*Activity:*
Exactly and only the lines below from the one containing "It is a logo" down to the one containing "Biz Corporates 24011" are wanted, both included; please exclude every picture.

*Provided information:*

BEGIN

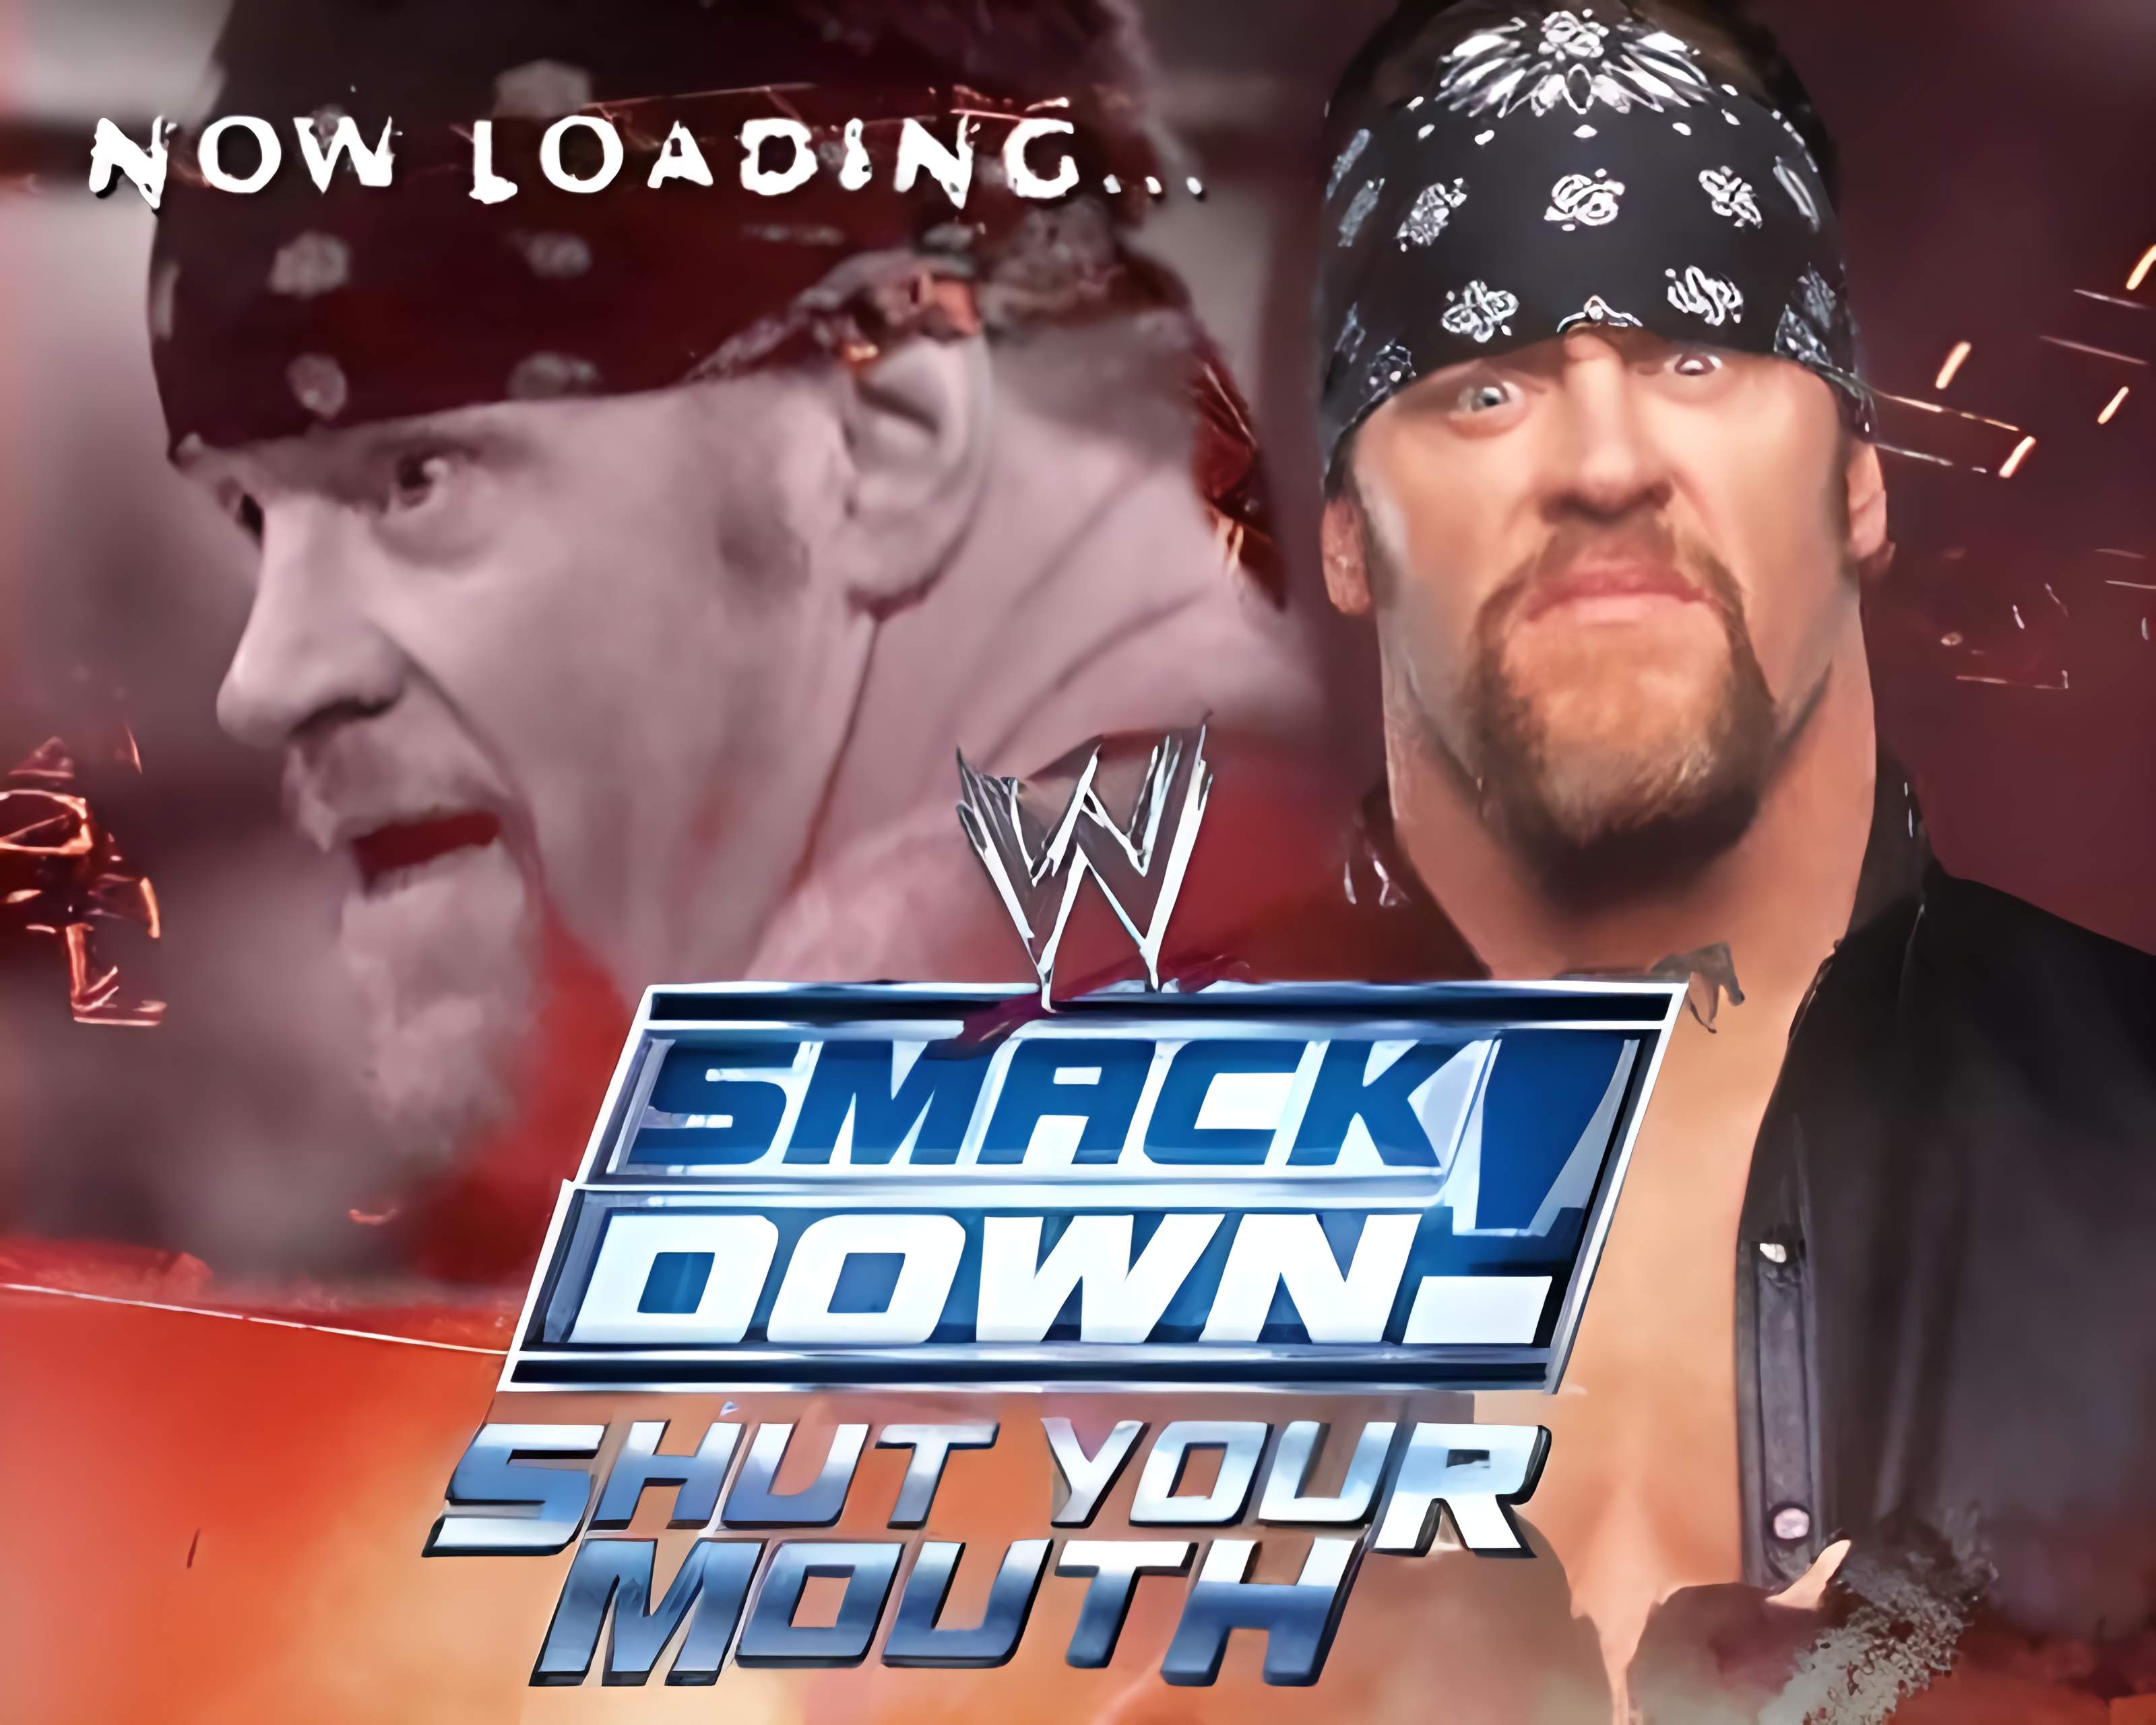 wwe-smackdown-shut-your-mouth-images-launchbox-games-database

END
BEGIN

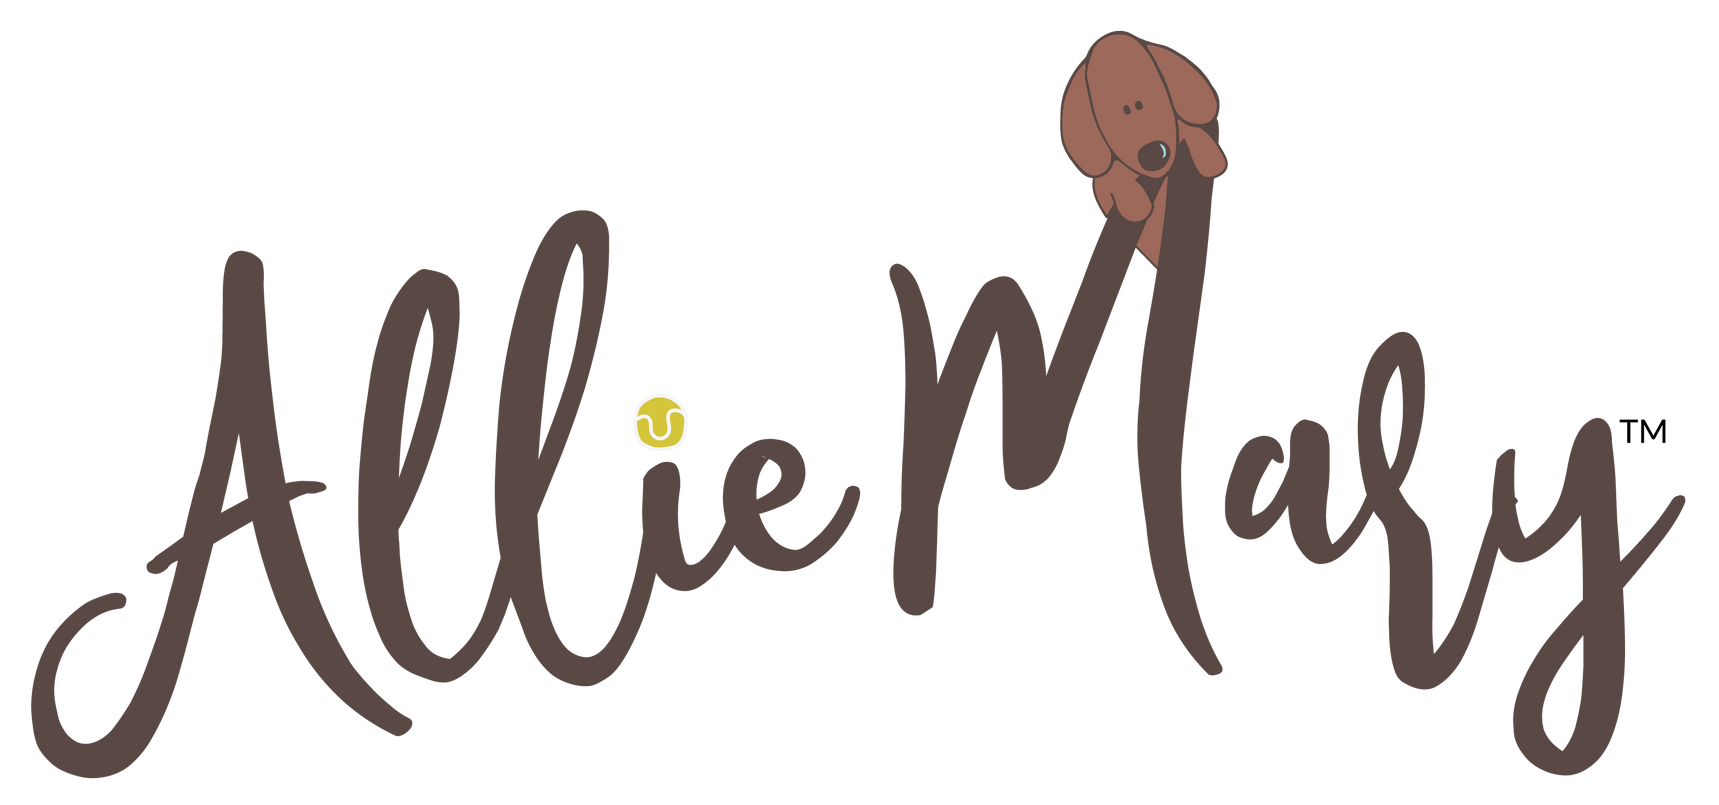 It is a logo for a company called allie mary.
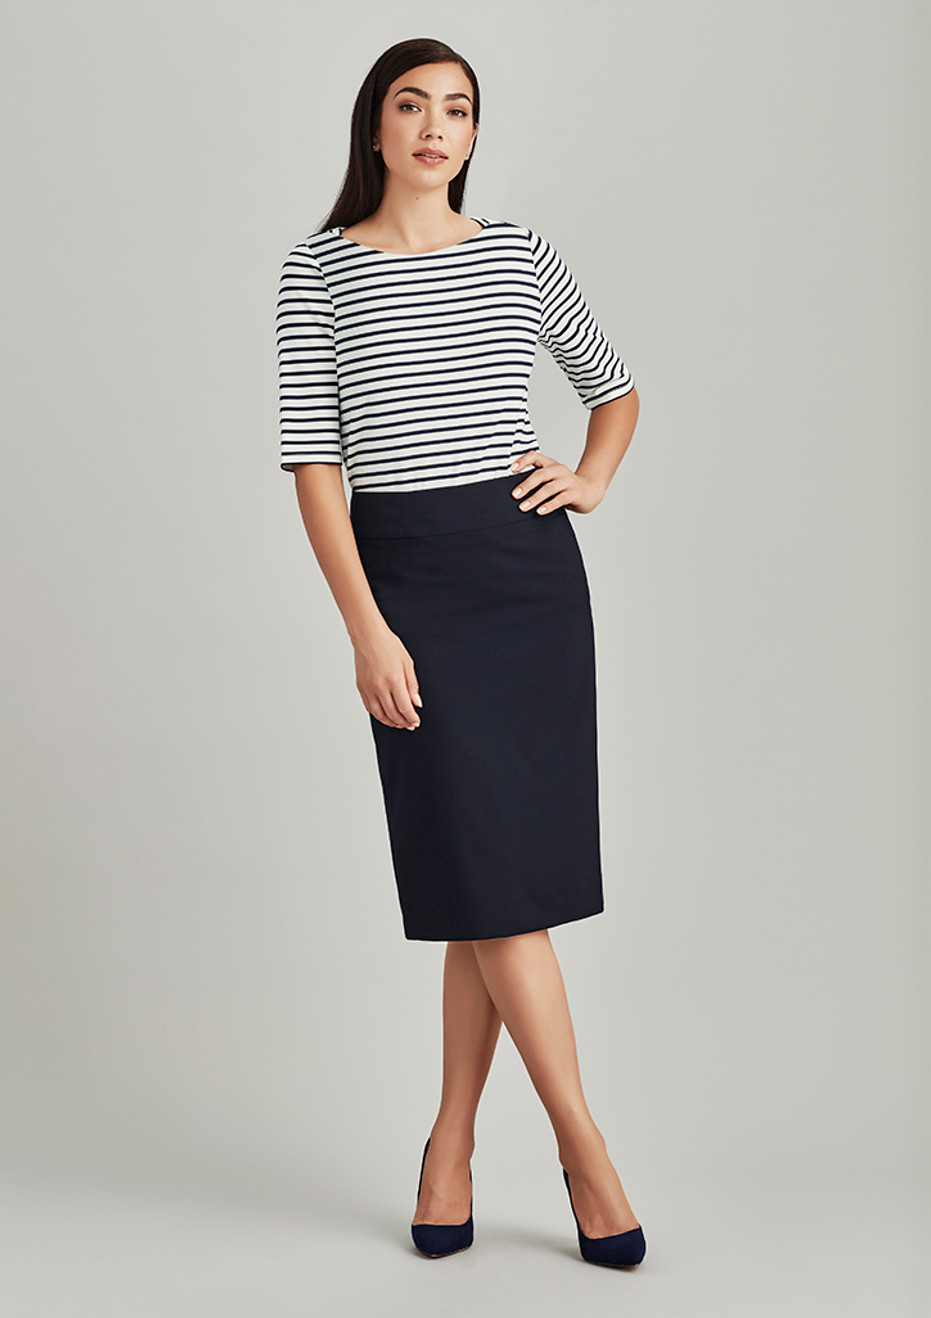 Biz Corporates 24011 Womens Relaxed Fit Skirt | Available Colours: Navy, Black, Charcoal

END
BEGIN

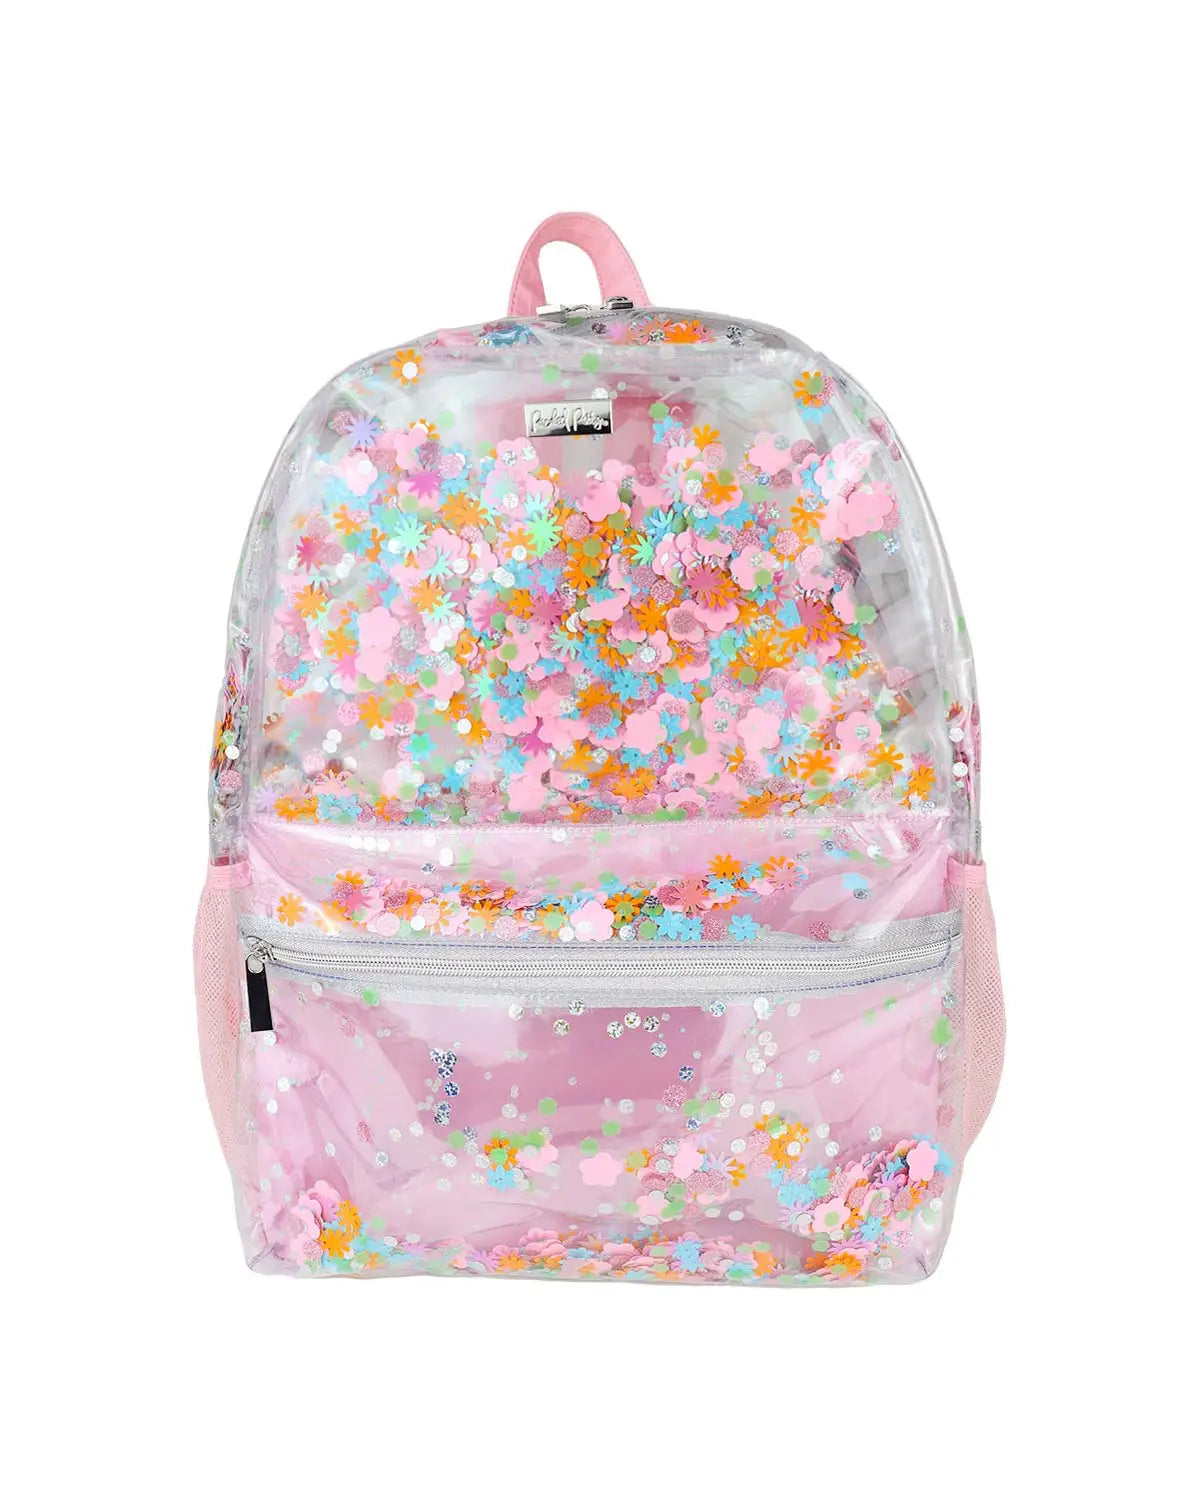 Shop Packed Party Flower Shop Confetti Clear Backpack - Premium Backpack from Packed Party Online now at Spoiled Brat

END

*Reply:*
 It is a logo for a company called allie mary.
 Biz Corporates 24011 Womens Relaxed Fit Skirt | Available Colours: Navy, Black, Charcoal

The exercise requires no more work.